I read your story. I am deeply saddened by your loss.








Trace


----------



## AllyRae (Dec 10, 2003)

Oh mama, I am so so sorry...








: Trace


----------



## coralsmom (Apr 1, 2005)

jaya,
i am so sorry for what happened. thank you for sharing your story.

trace oak









jaya


----------



## lolalapcat (Sep 7, 2006)

Jaya--oh, what you have endured. How strong you must be, and how sad that you had to find that out. I'm so sorry you went through all of that. Trace was very lucky to have you for a mommy, your love for him shines through your story.








for you and your family.

Keri


----------



## moma justice (Aug 16, 2003)

thank you so much for putting it to words

i know i know i know
that is all i can say.
and thank you for telling me.


----------



## iris0110 (Aug 26, 2003)

s I am so sorry. Your story was so well written, thank you for sharing Trace Oak with us.








Trace Oak


----------



## Len (Nov 19, 2001)

I just read your story with my heart and body in pain for you; I'm very sorry you had to go through that horrible experience, besides the unbelievable pain of losing your son Trace.

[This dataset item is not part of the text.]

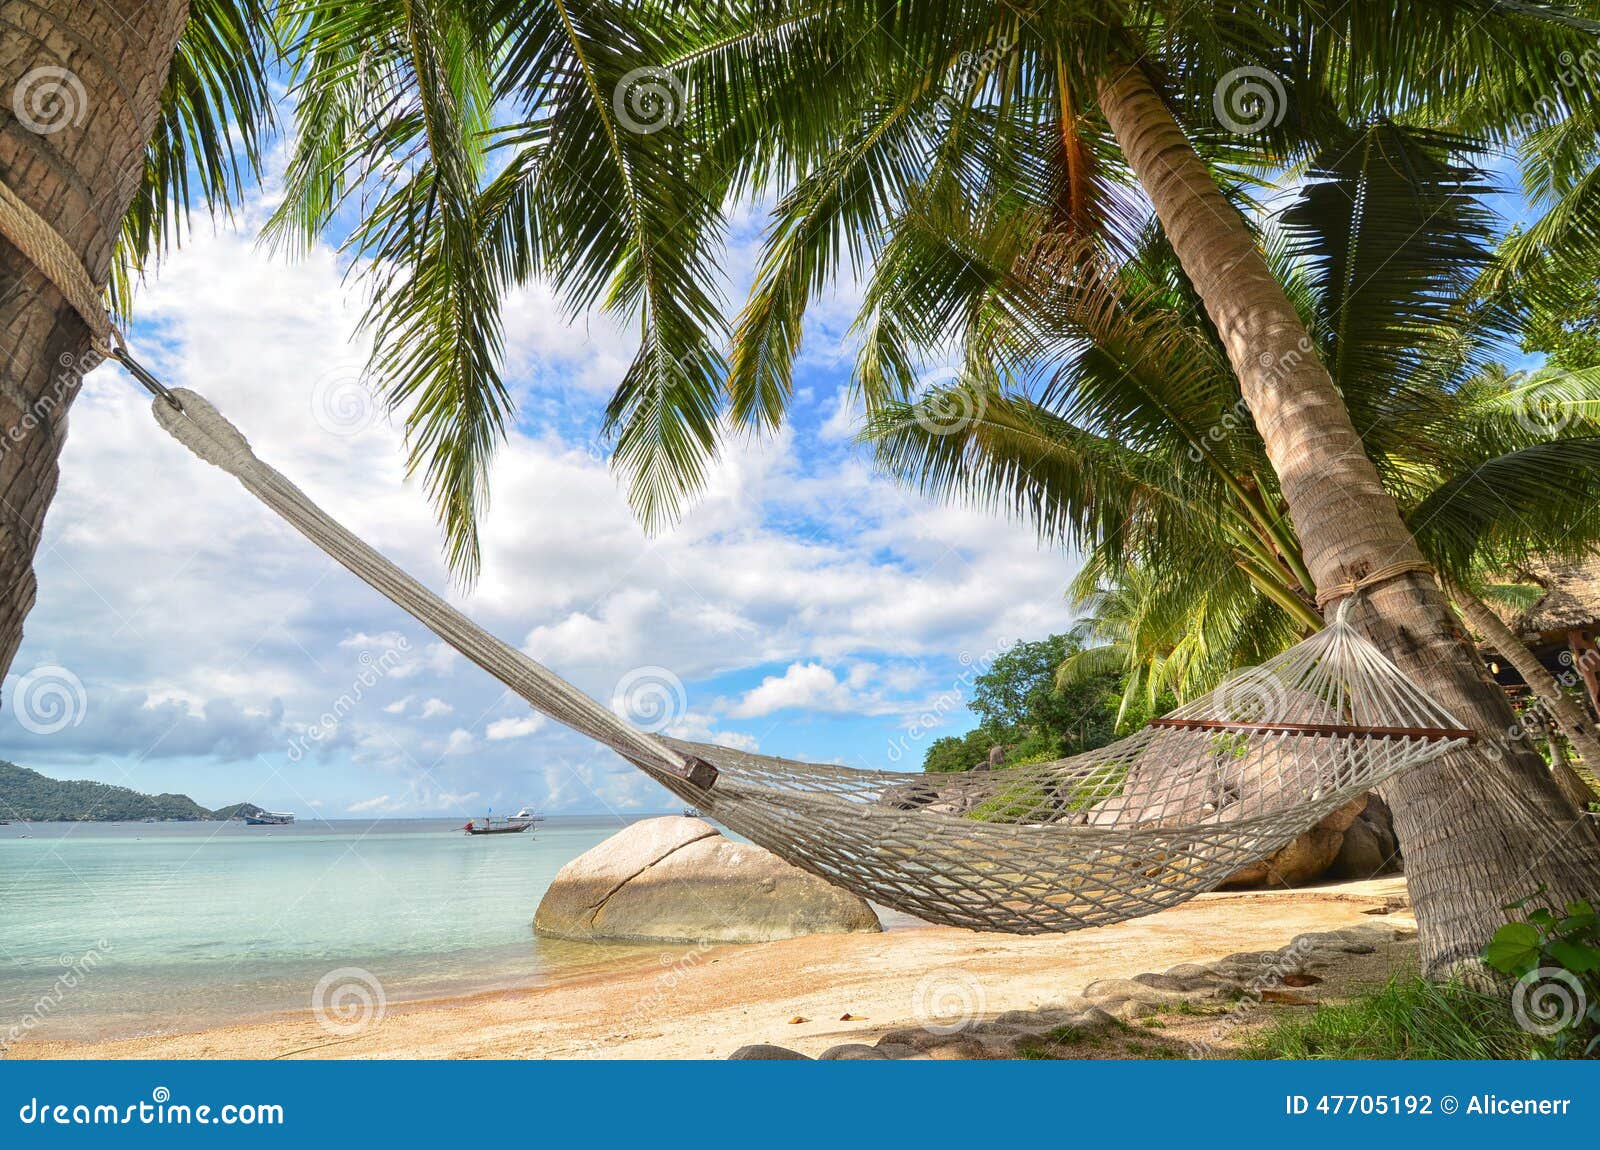 Hammock Hanging between Palm Trees at the Sandy Beach and Sea

You are a strong woman and mother, but please make sure you are well cared for in the coming months.








Trace Oak


----------



## HaveWool~Will Felt (Apr 26, 2004)

Thank you for sharing your story, mama! I am so sorry for your loss.








Sending healing vibes your way!!
Please be gentle with yourself.


----------



## Andy-Billsmum (Nov 8, 2006)

I am so sorry for your loss

Camila

Mum to Andrew (07/01) and my angels Freya, Thomas and James


----------



## jennay (Mar 20, 2003)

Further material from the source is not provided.